━━━ INFORMATION PROVIDED

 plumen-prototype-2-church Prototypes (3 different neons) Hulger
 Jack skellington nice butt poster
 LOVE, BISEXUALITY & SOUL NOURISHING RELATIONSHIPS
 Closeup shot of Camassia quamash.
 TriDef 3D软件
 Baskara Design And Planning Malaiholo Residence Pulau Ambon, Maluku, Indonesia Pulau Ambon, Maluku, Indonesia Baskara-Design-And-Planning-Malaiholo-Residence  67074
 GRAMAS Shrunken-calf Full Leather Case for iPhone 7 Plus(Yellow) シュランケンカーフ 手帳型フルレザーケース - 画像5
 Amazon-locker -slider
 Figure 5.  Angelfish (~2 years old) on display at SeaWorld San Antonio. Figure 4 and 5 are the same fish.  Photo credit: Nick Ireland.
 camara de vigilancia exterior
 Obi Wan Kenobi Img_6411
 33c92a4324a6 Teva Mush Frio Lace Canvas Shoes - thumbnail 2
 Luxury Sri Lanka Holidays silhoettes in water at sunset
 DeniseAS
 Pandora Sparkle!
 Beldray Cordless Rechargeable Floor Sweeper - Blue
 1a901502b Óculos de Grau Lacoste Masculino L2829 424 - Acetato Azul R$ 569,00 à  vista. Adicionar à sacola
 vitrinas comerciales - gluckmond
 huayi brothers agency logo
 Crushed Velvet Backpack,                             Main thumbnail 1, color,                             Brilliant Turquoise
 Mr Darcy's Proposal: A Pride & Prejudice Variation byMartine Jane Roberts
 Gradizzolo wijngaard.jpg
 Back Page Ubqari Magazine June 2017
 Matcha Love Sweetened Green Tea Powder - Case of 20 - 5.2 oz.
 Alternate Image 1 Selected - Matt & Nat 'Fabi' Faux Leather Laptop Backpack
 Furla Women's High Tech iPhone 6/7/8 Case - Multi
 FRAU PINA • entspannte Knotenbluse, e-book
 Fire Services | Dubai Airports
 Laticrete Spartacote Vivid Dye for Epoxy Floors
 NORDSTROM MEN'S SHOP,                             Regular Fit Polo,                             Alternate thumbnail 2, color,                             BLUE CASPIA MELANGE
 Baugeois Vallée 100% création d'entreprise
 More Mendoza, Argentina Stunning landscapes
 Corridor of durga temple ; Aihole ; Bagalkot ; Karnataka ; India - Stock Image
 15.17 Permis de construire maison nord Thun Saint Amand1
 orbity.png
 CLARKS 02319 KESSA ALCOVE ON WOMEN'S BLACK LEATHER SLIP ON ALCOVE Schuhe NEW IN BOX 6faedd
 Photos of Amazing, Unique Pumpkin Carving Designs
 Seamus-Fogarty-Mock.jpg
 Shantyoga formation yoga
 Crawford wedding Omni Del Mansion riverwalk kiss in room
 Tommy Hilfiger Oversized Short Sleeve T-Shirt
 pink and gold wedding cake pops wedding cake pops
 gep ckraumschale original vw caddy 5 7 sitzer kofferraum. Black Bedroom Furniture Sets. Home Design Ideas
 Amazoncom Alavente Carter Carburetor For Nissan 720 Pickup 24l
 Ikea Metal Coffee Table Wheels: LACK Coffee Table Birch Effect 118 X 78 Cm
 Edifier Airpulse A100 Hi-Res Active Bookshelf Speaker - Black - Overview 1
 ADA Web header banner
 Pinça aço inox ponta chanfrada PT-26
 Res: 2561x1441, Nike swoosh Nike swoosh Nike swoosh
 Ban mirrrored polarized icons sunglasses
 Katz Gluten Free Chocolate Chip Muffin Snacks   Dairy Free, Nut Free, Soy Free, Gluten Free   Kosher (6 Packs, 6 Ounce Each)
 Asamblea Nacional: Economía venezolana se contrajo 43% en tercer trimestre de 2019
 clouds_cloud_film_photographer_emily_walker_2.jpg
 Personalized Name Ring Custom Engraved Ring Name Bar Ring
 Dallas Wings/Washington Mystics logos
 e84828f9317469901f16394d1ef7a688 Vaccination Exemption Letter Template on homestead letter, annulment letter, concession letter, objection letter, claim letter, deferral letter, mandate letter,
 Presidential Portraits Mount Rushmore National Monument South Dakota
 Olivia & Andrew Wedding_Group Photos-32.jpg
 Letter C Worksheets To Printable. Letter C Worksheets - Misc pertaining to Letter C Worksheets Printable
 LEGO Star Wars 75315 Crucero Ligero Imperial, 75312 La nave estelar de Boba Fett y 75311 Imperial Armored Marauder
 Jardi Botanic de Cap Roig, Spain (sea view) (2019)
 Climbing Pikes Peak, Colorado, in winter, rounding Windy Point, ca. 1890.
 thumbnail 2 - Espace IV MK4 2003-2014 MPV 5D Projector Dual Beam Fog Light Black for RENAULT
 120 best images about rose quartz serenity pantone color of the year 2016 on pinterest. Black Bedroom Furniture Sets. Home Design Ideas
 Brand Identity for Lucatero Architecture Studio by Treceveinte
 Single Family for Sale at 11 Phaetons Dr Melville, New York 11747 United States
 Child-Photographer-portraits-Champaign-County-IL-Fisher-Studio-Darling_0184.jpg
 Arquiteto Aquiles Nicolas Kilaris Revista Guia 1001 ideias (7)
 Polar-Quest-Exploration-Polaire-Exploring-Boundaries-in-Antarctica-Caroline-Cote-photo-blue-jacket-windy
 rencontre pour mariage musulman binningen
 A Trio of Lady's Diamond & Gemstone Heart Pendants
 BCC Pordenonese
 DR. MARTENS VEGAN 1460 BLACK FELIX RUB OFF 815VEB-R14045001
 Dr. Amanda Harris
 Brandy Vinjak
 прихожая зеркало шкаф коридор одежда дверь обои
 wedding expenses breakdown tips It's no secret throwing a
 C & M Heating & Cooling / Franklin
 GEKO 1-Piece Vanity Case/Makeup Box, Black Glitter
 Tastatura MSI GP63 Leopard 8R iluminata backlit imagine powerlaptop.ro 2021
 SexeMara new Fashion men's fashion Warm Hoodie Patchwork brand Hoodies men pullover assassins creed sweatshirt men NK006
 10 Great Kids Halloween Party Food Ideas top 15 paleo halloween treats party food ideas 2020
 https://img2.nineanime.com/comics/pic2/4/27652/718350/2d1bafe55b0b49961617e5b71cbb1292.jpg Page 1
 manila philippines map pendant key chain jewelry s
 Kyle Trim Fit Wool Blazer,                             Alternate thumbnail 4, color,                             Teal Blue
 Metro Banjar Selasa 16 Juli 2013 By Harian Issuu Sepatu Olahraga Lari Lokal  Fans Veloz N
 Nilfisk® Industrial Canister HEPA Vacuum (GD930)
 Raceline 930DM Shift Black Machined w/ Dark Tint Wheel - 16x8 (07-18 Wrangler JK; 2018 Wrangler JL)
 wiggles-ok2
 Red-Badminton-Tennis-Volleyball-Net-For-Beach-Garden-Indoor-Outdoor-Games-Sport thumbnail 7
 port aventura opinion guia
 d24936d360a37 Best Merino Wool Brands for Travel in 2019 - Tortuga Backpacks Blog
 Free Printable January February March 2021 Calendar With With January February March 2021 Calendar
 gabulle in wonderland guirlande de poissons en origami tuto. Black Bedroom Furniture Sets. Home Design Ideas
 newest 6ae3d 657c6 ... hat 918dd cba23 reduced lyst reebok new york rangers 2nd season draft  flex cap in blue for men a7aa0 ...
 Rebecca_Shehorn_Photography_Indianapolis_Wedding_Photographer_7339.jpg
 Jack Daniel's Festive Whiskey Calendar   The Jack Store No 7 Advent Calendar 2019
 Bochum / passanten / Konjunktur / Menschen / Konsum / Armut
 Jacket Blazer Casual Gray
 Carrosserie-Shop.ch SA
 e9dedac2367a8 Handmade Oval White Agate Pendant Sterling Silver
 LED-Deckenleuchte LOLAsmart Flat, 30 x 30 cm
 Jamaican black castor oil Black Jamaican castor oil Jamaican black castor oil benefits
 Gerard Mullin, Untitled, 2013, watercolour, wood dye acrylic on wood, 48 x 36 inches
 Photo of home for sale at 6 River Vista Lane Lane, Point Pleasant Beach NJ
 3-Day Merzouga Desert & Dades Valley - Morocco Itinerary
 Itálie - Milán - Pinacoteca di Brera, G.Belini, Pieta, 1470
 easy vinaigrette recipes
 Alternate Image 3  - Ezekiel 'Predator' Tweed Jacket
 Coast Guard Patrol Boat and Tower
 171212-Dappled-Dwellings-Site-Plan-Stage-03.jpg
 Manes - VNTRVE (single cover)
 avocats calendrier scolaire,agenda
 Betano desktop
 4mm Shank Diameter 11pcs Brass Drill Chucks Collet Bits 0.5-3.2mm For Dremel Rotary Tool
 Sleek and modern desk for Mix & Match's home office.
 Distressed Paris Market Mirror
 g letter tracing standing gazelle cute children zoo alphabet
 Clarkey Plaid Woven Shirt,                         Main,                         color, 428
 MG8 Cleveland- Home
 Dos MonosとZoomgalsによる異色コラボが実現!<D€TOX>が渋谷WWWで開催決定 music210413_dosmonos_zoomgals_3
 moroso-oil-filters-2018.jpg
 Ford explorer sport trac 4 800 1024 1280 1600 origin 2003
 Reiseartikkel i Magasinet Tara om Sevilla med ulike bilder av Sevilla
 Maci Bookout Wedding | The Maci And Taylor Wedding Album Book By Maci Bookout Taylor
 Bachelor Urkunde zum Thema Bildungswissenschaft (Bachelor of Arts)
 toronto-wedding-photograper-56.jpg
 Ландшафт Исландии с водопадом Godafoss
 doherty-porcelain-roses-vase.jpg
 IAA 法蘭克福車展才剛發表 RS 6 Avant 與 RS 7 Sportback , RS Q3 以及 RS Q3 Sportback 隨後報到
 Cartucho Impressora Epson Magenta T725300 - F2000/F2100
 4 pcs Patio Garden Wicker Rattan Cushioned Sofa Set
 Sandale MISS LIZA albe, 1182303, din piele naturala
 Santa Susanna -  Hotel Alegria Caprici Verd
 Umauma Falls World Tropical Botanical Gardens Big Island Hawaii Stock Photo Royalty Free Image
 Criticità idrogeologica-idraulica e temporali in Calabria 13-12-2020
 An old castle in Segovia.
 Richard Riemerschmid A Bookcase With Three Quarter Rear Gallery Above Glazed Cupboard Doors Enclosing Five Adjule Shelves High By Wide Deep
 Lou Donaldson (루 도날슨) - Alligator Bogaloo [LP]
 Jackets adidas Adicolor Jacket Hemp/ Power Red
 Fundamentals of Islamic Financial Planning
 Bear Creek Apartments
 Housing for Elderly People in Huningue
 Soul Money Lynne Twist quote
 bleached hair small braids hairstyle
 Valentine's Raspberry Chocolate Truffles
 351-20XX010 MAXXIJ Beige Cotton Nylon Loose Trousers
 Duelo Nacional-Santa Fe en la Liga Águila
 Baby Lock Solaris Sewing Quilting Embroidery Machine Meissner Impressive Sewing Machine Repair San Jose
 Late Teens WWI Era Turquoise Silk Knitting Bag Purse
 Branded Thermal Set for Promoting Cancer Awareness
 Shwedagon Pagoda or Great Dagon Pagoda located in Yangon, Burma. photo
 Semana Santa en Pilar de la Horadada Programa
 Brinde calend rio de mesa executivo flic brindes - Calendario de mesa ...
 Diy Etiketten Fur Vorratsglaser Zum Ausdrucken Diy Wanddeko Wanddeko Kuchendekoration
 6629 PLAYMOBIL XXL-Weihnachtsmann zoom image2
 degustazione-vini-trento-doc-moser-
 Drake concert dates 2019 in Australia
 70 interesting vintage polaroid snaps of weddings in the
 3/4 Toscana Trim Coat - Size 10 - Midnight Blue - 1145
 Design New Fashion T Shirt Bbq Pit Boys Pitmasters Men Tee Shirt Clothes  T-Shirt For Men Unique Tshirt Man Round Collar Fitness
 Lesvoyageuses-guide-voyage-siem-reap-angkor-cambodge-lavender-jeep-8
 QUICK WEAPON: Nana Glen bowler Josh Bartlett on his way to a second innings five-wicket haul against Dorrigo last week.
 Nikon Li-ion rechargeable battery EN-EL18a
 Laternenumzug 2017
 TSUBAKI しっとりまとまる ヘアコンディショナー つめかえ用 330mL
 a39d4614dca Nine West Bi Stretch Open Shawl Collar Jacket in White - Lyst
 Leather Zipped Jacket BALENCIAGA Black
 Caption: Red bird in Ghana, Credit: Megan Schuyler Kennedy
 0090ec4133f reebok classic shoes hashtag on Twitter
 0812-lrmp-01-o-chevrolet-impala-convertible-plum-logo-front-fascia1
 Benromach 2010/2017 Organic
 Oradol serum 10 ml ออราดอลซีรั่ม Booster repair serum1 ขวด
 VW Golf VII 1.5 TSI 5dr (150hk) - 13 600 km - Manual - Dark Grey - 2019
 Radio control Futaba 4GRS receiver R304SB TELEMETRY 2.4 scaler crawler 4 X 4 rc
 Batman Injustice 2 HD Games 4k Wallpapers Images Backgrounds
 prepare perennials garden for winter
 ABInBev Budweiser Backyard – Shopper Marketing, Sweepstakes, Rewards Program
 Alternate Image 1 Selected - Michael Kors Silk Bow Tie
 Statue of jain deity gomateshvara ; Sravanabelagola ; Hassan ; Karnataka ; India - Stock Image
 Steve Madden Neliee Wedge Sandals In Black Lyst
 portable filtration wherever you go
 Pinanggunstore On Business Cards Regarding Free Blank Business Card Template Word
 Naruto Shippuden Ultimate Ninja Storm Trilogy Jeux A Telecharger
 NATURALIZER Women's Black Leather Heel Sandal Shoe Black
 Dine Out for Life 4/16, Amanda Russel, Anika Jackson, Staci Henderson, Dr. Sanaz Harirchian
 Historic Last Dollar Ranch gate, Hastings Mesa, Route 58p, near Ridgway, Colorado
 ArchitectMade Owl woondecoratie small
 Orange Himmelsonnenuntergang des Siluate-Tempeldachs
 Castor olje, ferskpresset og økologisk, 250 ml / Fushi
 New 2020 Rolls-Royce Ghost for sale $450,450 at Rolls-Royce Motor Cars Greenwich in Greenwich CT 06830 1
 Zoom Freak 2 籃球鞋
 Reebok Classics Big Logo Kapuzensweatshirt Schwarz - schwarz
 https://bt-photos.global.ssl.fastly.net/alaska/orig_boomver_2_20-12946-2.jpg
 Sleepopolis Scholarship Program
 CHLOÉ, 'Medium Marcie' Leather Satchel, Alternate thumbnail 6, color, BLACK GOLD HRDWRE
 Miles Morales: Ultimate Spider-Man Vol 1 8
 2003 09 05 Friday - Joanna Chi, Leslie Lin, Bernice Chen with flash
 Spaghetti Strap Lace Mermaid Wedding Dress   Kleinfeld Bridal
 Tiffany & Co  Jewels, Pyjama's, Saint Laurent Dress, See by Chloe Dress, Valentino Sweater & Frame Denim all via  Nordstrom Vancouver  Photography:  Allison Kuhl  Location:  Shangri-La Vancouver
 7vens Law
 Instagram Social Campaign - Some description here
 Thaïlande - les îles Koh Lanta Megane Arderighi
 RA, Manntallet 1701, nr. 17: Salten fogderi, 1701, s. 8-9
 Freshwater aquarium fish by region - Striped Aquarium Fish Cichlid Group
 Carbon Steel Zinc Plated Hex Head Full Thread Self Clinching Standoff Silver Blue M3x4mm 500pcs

━━━━━━

[TASK TO CARRY OUT]:
Return only the lines between the one holding "Nilfisk® Industrial Canister" and the one holding "wiggles-ok2", inclusive, exactly as they appear above.

[ANSWER TO THIS PROBLEM]:
 Nilfisk® Industrial Canister HEPA Vacuum (GD930)
 Raceline 930DM Shift Black Machined w/ Dark Tint Wheel - 16x8 (07-18 Wrangler JK; 2018 Wrangler JL)
 wiggles-ok2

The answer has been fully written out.